Delta to Charge Unvaccinated Employees $200 Extra Insurance Fee

For weeks, big employers like Citigroup, Google and the Walt Disney Company have been warming to the idea of requiring coronavirus vaccines for employees. Now that one vaccine has received full federal approval, President Biden wants more to follow suit.
Delta Air Lines has chosen a very different tack — one that might seem to provide employees more choice but could be much harder to carry out. The company on Wednesday became the first large U.S. employer to embrace an idea that has been widely discussed but is mired in legal uncertainty: charging unvaccinated employees more for health insurance.
Starting Nov. 1, Delta employees who have not received the vaccine will have to pay an additional $200 per month to remain on the company’s health plan. It is part of a series of requirements that unvaccinated workers will face in the months to come, the airline’s chief executive, Ed Bastian, said in a memo to staff.
Every Delta employee who has been hospitalized because of the coronavirus in recent weeks was not yet fully vaccinated, with hospital stays costing the company an average of about $50,000. Like most large employers, Delta insures its own workforce, meaning it pays health costs directly and hires an insurance company to administer its plans.

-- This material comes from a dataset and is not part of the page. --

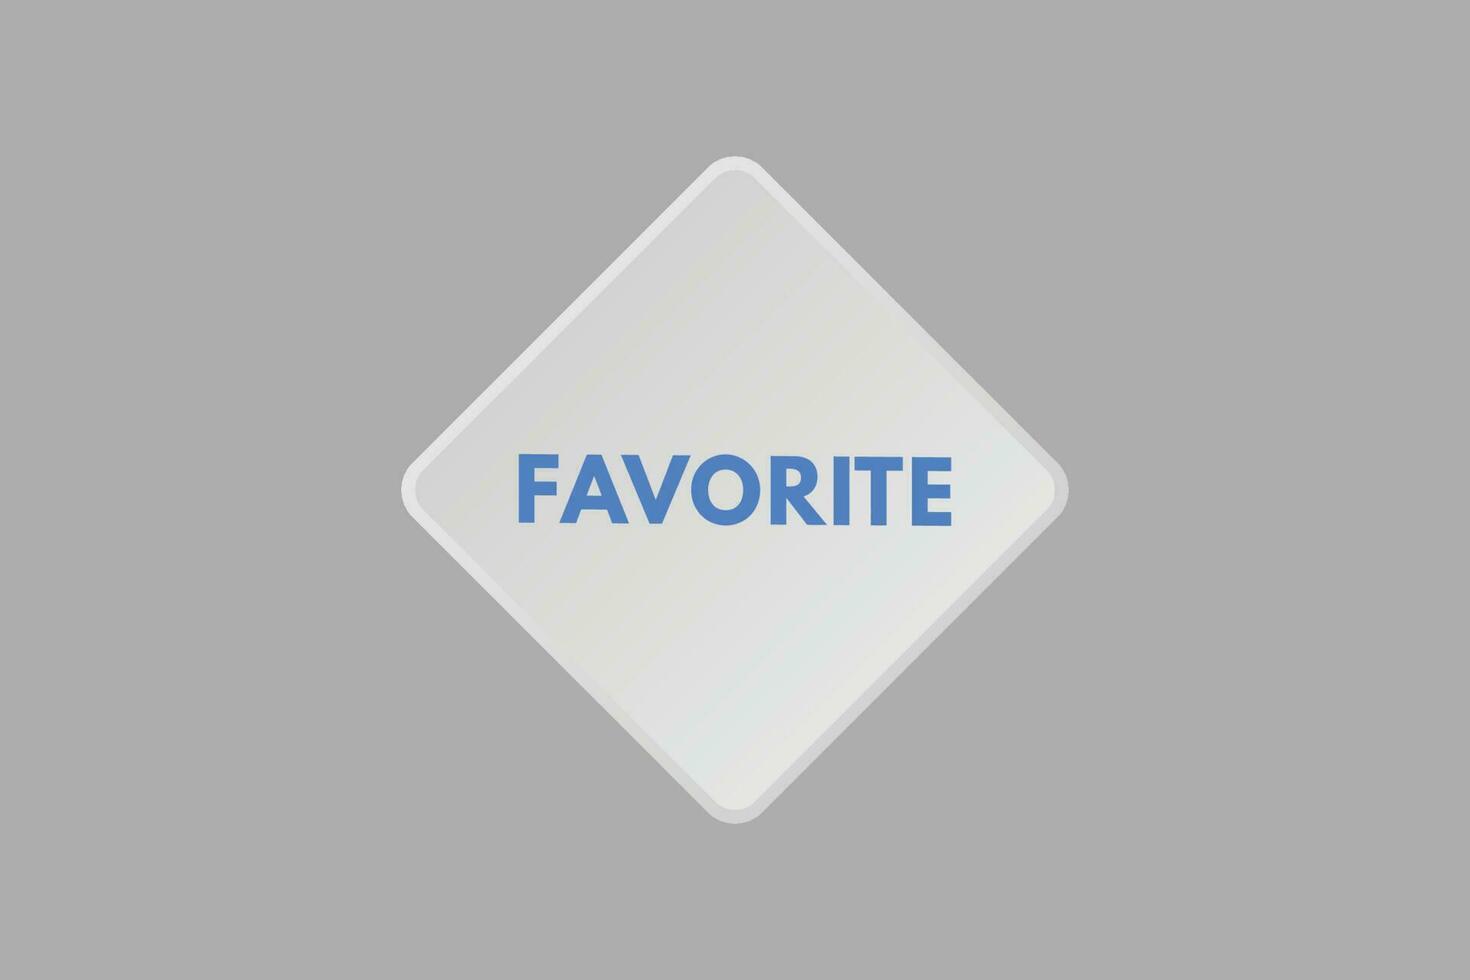 Favorite text Button. Favorite Sign Icon Label Sticker Web Buttons vector

Corporate executives have wrestled with how to restore some normalcy to their operations, including by letting workers return to offices. They are trying to achieve several goals that can at times come into conflict: keeping employees safe, retaining staff opposed to vaccines at a time of tremendous turnover, and showing customers that they are taking the pandemic seriously while not alienating others put off by masks and other restrictions.
Several companies, particularly those in health care, have made vaccination a condition of employment. Under a recent Biden administration policy, any nursing home that receives federal funds will be required to mandate vaccines for workers.